Pourquoi la vision de Gauguin après le sermon était importante pour l'art abstrait
Paul Gauguin a peint Vision Après le Sermon en 1888. C'était une œuvre religieuse, qui prenait comme point de départ une histoire de la Bible chrétienne. Le récit provient du livre de la Genèse, chapitre 32, versets 22 à 31. Il concerne le personnage nommé Jacob, qui sera plus tard renommé Israël, et qui est considéré comme le père historique des Israélites. Le verset se lit comme suit : “Cette nuit-là, il se leva et prit ses deux femmes, ses deux servantes et ses onze enfants, et il traversa le gué du Jabbok. Il les prit et les envoya de l'autre côté du fleuve, ainsi que tout ce qu'il avait. Et Jacob resta seul ; et un homme lutta avec lui jusqu'au lever du jour.” L'interprétation poétique ou philosophique générale de cette scène est qu'elle concerne un homme qui lutte avec ses démons, pour ainsi dire. L'homme, Jacob, lutte avec ce qui est manifestement un ange, un représentant de la divinité. La rivière Jabbok (également connue sous le nom de rivière du Jourdain) sépare Jacob de Canaan, ou la Terre Promise. Ainsi, Jacob essaie, en essence, de faire la paix à l'ancienne entre les éléments meilleurs et pires de sa nature humaine afin de pouvoir simplement vivre une vie décente. C'est un sujet fascinant que Gauguin a choisi pour cette peinture car la peinture elle-même a développé une interprétation similaire parmi les historiens de l'art. Elle est considérée comme un tournant dans la marche post-impressionniste vers l'abstraction. C'est un sujet approprié pour une peinture qui joue un rôle central dans le processus des artistes luttant contre leurs démons alors qu'ils essaient de faire la paix avec ce que l'art est censé être afin de pouvoir simplement continuer à créer un travail décent.
Éliminer les illusions
Gauguin faisait partie d'un petit groupe de peintres de la fin du XIXe siècle qui pensaient qu'avant de devenir une image illusoire, un tableau n'était avant tout que des couleurs appliquées sur une surface. Le processus de transformation de la peinture et de la surface en quelque chose de réaliste, comme une image de quelque chose d'identifiable, est venu plus tard, après coup. Dans l’esprit de ces artistes avant-gardistes, cette étape ultérieure n’était plus si importante et commençait même à paraître inutile. Ils commençaient à apprécier des choses comme la couleur et la surface selon leurs propres mérites, quels que soient les formes, les formes et les espaces illusoires qu'ils étaient utilisés pour créer. En général, cet état d’esprit a commencé avec l’impressionnisme, un style axé sur la qualité de la lumière dans une image. Mais c’est dans la période aujourd’hui connue sous le nom de postimpressionnisme que ces idées ont réellement commencé à prendre leur essor.

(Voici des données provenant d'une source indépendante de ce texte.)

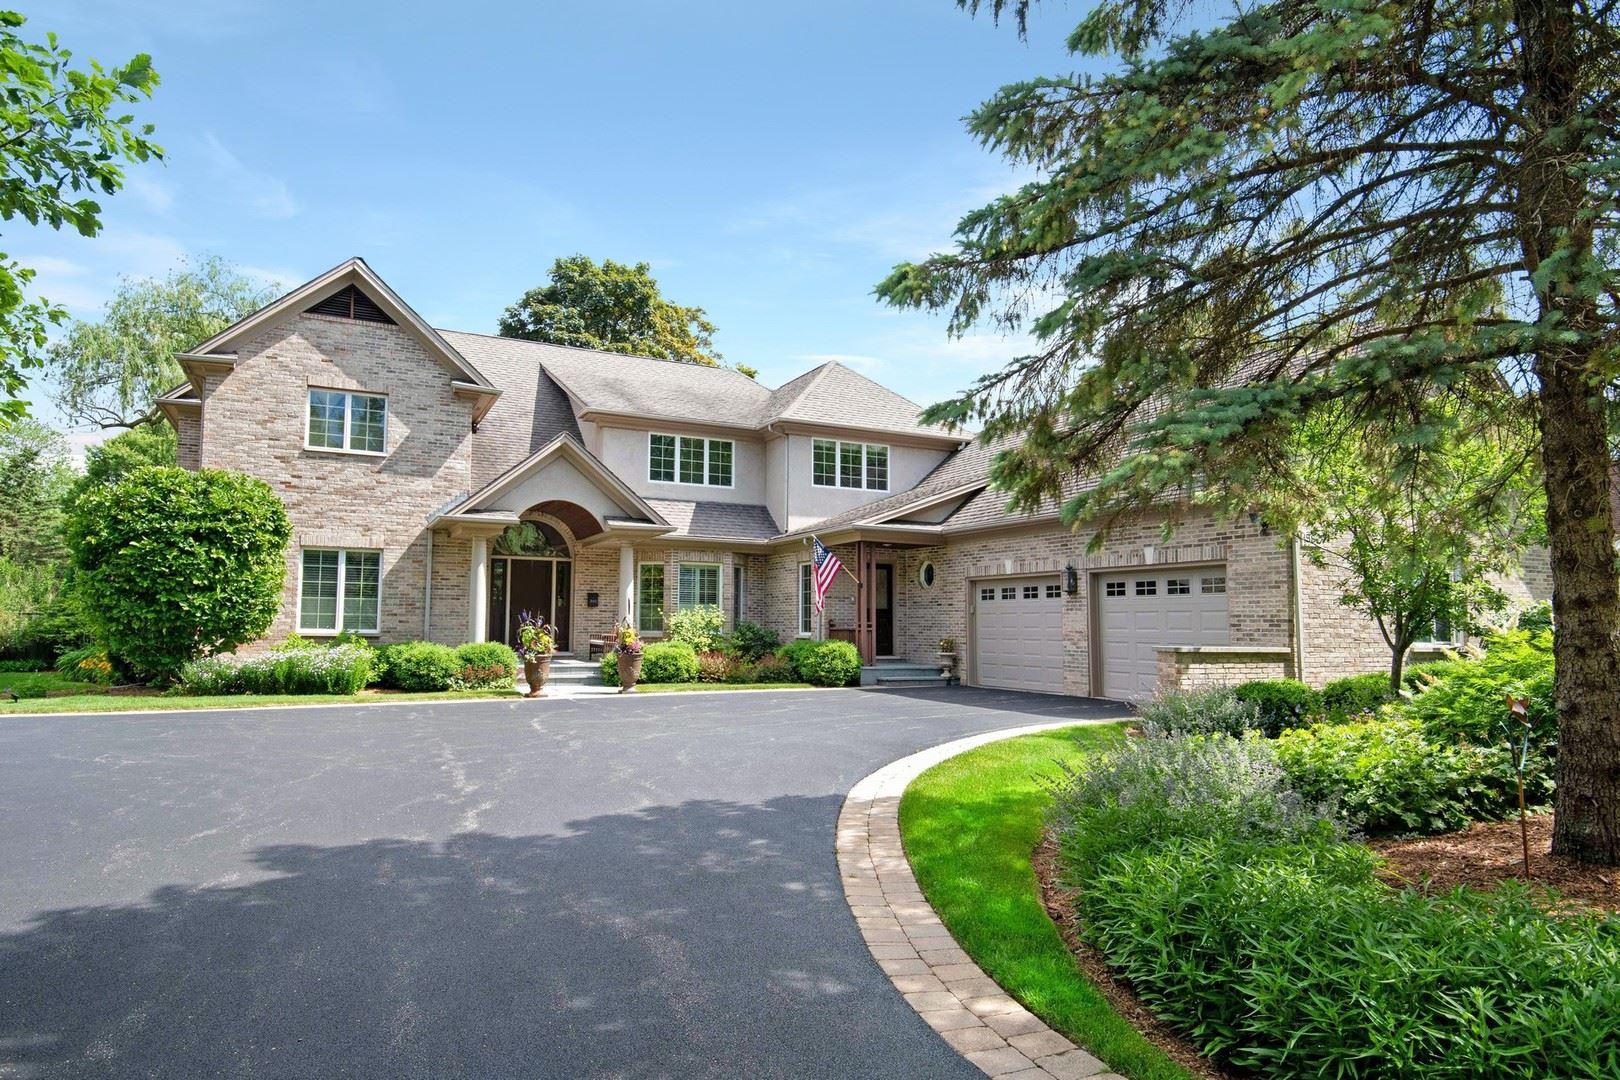 1562 WALTERS Avenue, Northbrook, IL 60062 - #: 10802841

La liste des mouvements post-impressionnistes qui ont réduit la peinture à ses éléments formels, menant finalement à l'abstraction pure, est longue. Elle comprend le symbolisme, le synthétisme, le cloisonnisme, le fauvisme, le cubisme, et bien d'autres -ismes. Chacun de ces mouvements est apparu dans une succession assez rapide dans les dernières décennies du 19ème siècle. Chacun a adopté un agenda particulier, isolant un ou plusieurs éléments de l'art classique et le subvertissant afin de découvrir quelque chose de nouveau sur le potentiel de la peinture. Parmi les éléments que ces artistes cherchaient à éliminer figuraient la perspective, la gradation des couleurs, les couleurs réalistes, des sujets compréhensibles, et l'idée que les formes et les figures devaient être représentatives d'éléments du monde réel. Un des aspects clés de Vision après le sermon qui le rend si emblématique de cette poussée générale vers l'abstraction est qu'il aborde presque tous ces éléments à la fois.
Perspective et gradation
La perspective et la gradation des couleurs sont deux des éléments les plus essentiels et déterminants des styles de peinture classiques. Ensemble, ils peuvent conférer à une peinture un puissant sentiment de réalisme, car ils créent l’espace illusoire au sein de l’image. La perspective donne à une peinture une impression de profondeur et le sentiment que les formes physiques dans l'espace illusoire ont un sens à l'œil, tout comme elles le feraient dans la vraie vie. Quelle que soit la perfection photographique d’une peinture, sans un sentiment de perspective réaliste, l’illusion est brisée. Pendant ce temps, la gradation progressive des couleurs est ce qui donne aux tons des objets du tableau leurs qualités réalistes. Le teint n’est pas seulement une couleur, ce sont des centaines, voire des milliers de couleurs qui se mélangent progressivement les unes aux autres. Sans gradation, les couleurs deviennent irréalistes et l’image commence à paraître étrange, voire absurde.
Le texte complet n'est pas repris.